§ Assignment: A word-for-word copy of the data, with no images, is the required answer.

Top of Supplied information

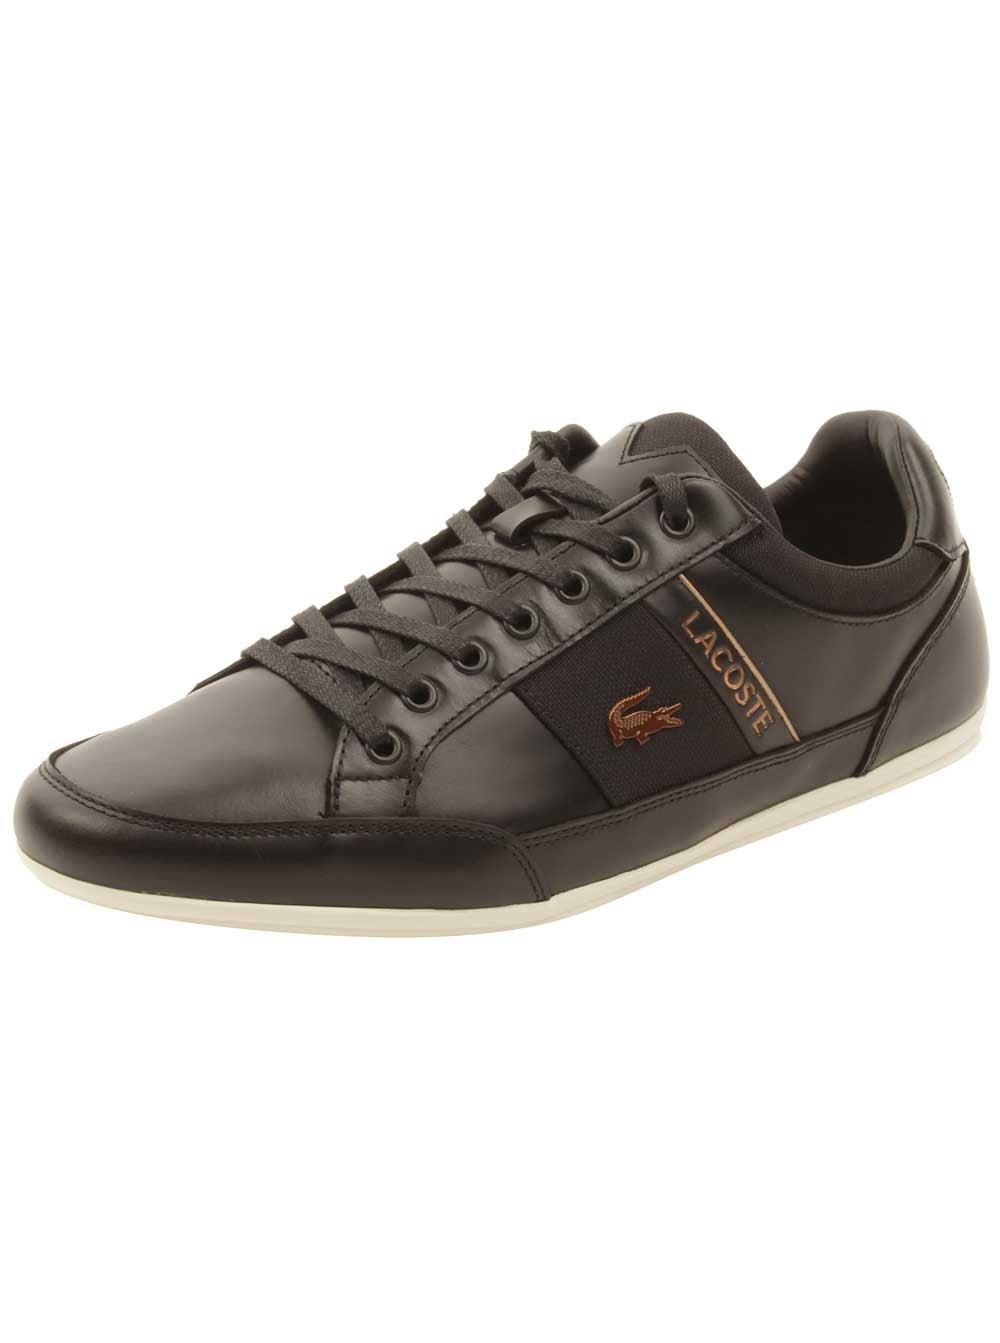 Lacoste Men's Chaymon 318 7 U Sneaker
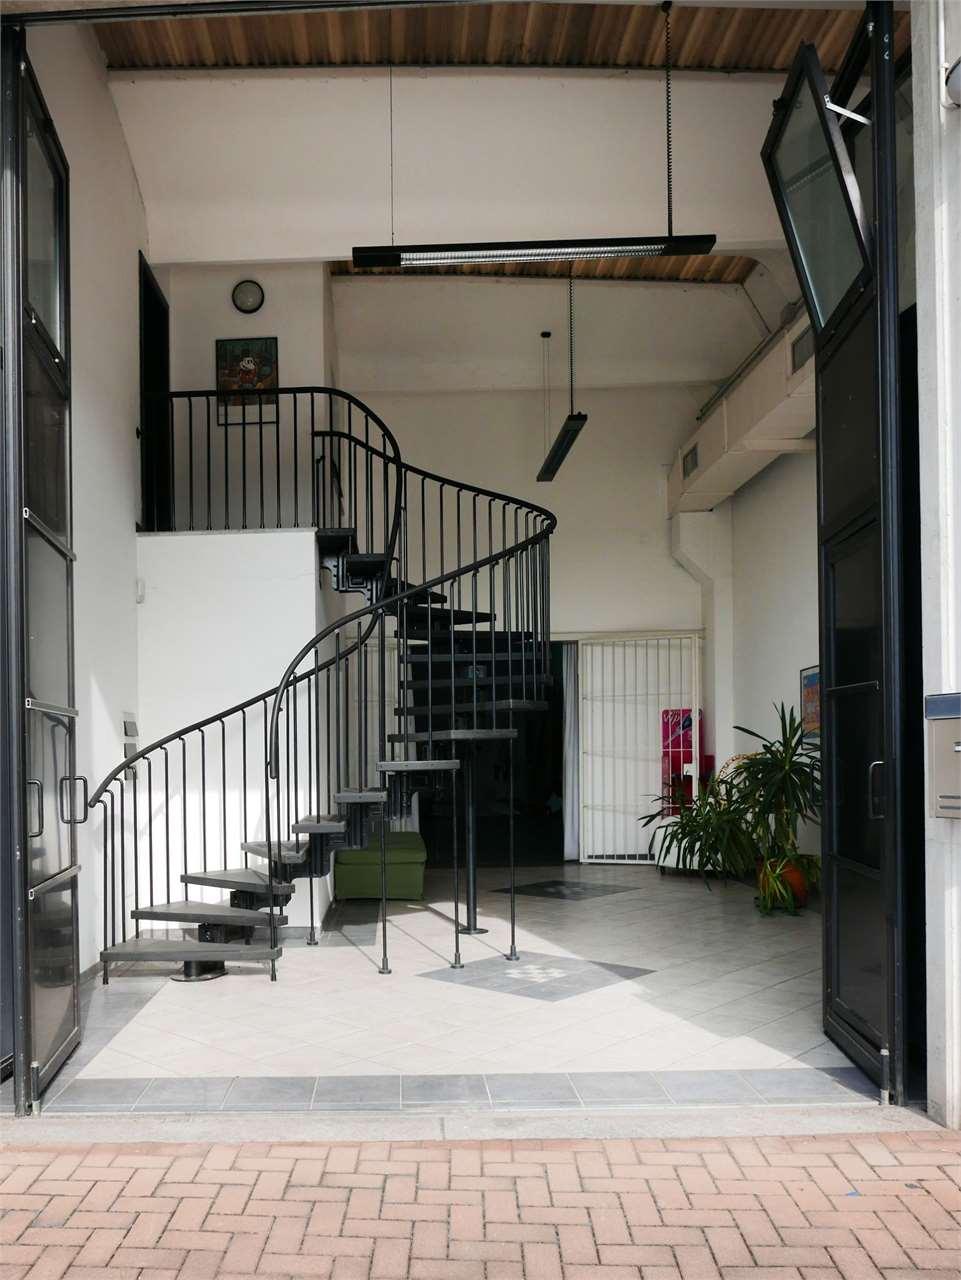 Laboratorio in vendita a Cocquio-Trevisago, 3 locali, prezzo € 180.000 | PortaleAgenzieImmobiliari.it
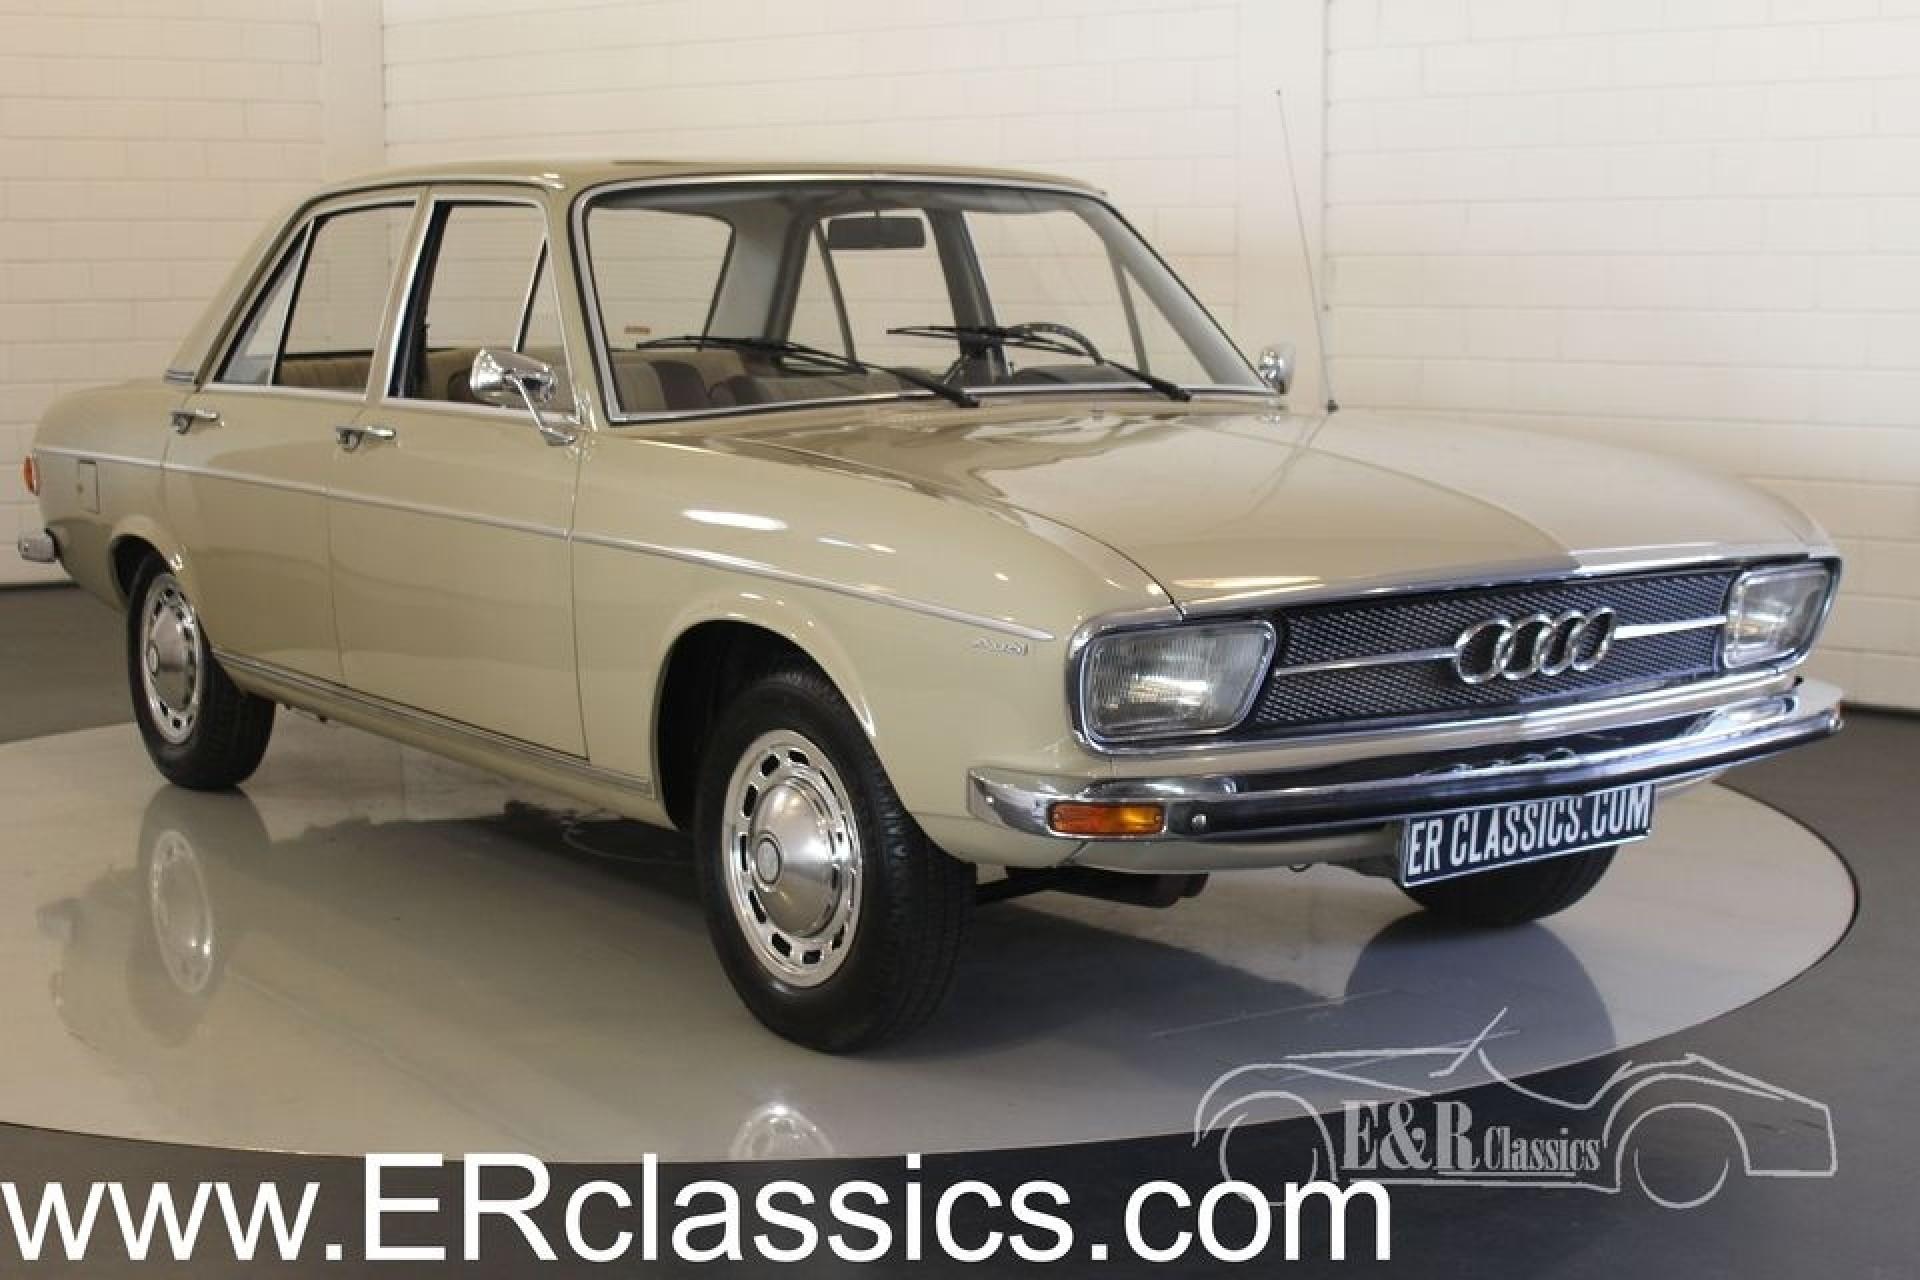 Audi 100 LS 1973 audi-100ls-1973-a3396-001

Bottom of Supplied information

§ Exercise result:
 Lacoste Men's Chaymon 318 7 U Sneaker
 Laboratorio in vendita a Cocquio-Trevisago, 3 locali, prezzo € 180.000 | PortaleAgenzieImmobiliari.it
 Audi 100 LS 1973 audi-100ls-1973-a3396-001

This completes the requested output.